The Algeria–Tunisia border is 1,034 km (642 mi) in length and runs from the Mediterranean Sea in the north to the tripoint with Libya in the south.

==Description==
The border starts in the north at the Mediterranean coast, proceeding overland in a broadly southwards direction via a series of overland lines. Toward the middle it curves west, and in the southern sections of the border straight lines predominate, which eventually veer to the south-east down to the tripoint with Libya.

==History==
France occupied much of the northern coastal areas of Algeria in the period 1830-47 and Tunisia in 1881, both of which had hitherto been subject to the nominal control of the Ottoman Empire.

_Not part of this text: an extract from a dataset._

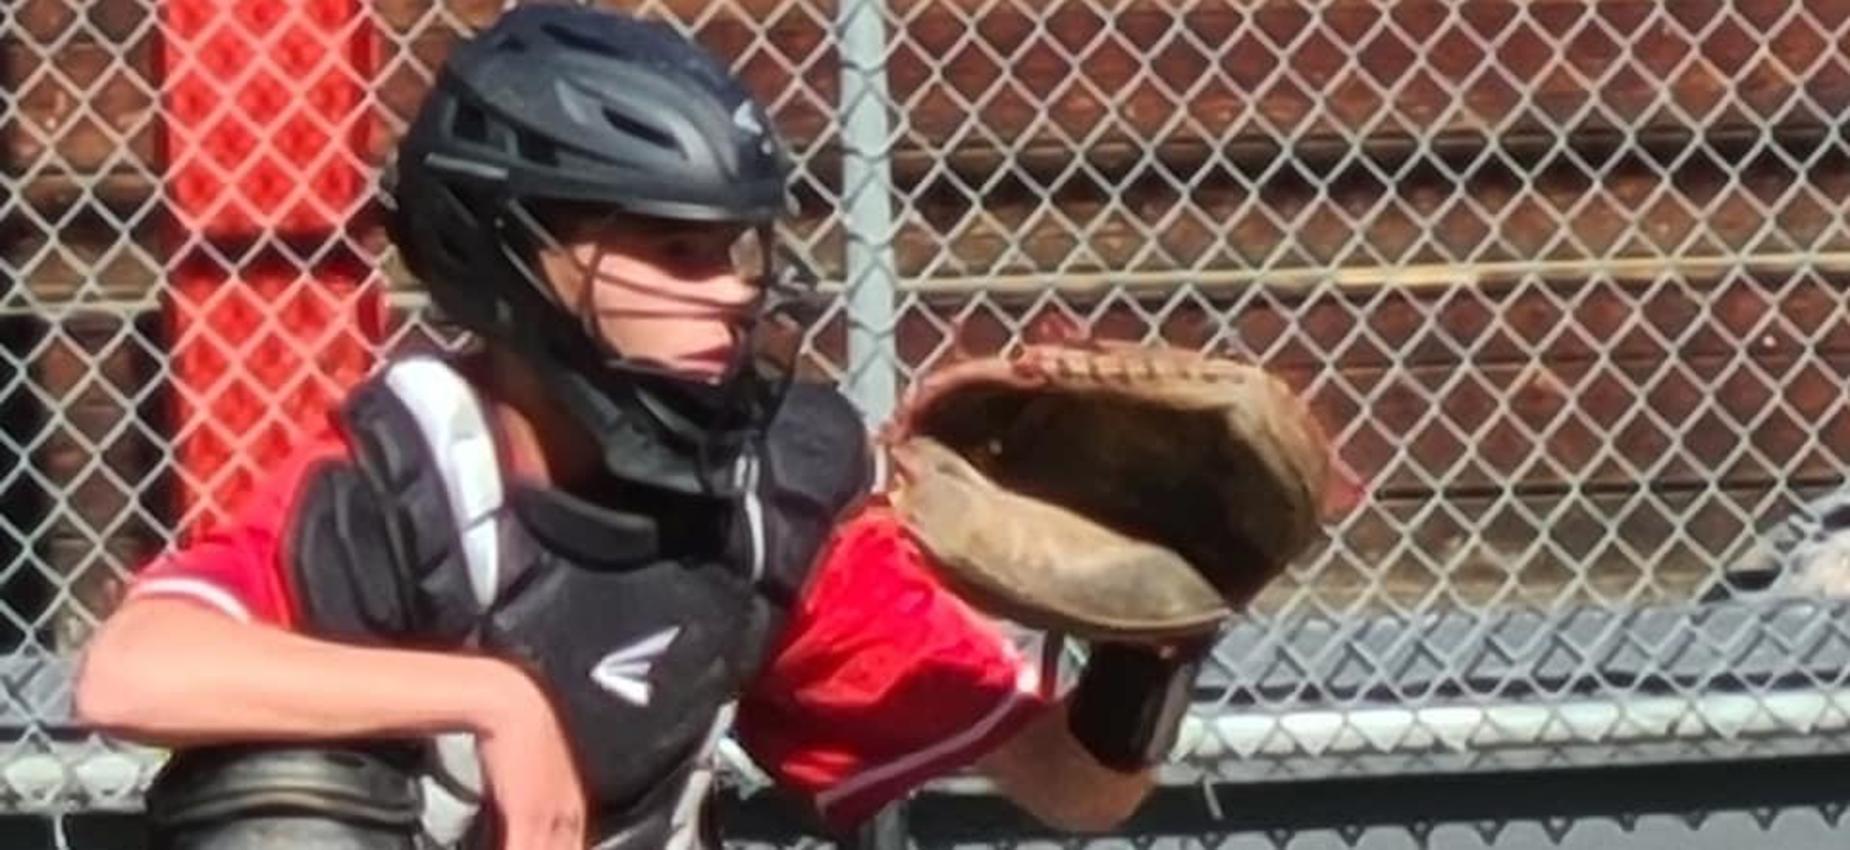 A baseball catcher waits to catch the ball.
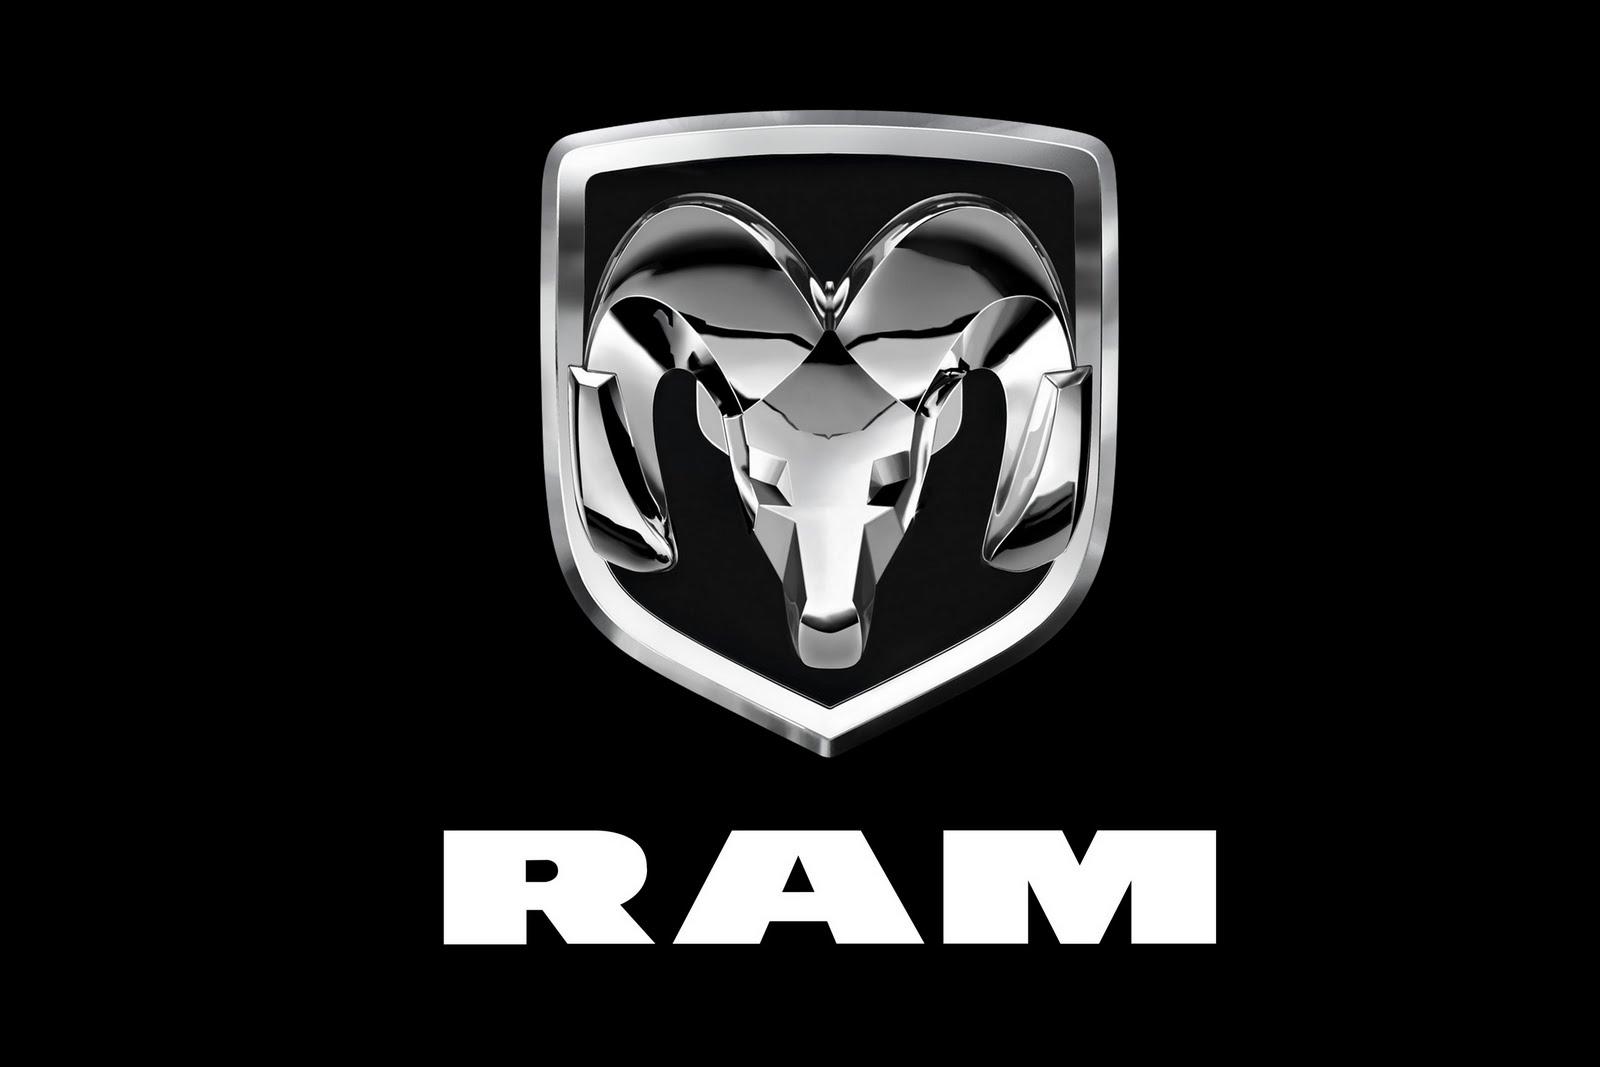 Best Wallpaper Logo Dodge Ram - dodge-ram-logo-wallpaper-33877-34638-hd-wallpapers  You Should Have_964386.jpg

France gradually pushed inland, annexing the Saharan areas of Algeria in 1902. The border from the coast south to Bir Ramane was established by various French decrees, notably those of 1888-89 and 1901. The sections south of this down to the Libyan tripoint was somewhat vaguer, and appear to have been delimited during the period 1911–23.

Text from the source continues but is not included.